▶ [Task prompt] Among the records that follow, set down only the lines from the one containing "可爱 猫头鹰 卡通 人物" to the one containing "Поляризованные солнцезащитные очки, BLACKFINP", both included, exactly.

▶ [Given entries]
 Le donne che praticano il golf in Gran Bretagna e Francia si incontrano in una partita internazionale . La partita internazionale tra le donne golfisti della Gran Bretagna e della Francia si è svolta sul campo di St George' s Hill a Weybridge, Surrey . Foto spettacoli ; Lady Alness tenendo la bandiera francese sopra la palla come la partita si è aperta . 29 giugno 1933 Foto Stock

...

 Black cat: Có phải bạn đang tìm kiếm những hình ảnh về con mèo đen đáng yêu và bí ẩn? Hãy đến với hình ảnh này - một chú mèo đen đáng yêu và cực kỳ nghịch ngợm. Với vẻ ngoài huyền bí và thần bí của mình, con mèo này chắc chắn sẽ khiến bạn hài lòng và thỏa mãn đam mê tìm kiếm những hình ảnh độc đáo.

...

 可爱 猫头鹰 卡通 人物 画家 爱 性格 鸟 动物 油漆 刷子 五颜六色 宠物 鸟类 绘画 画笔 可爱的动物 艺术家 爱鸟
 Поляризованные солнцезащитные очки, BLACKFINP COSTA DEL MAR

▶ [Written solution]
 可爱 猫头鹰 卡通 人物 画家 爱 性格 鸟 动物 油漆 刷子 五颜六色 宠物 鸟类 绘画 画笔 可爱的动物 艺术家 爱鸟
 Поляризованные солнцезащитные очки, BLACKFINP COSTA DEL MAR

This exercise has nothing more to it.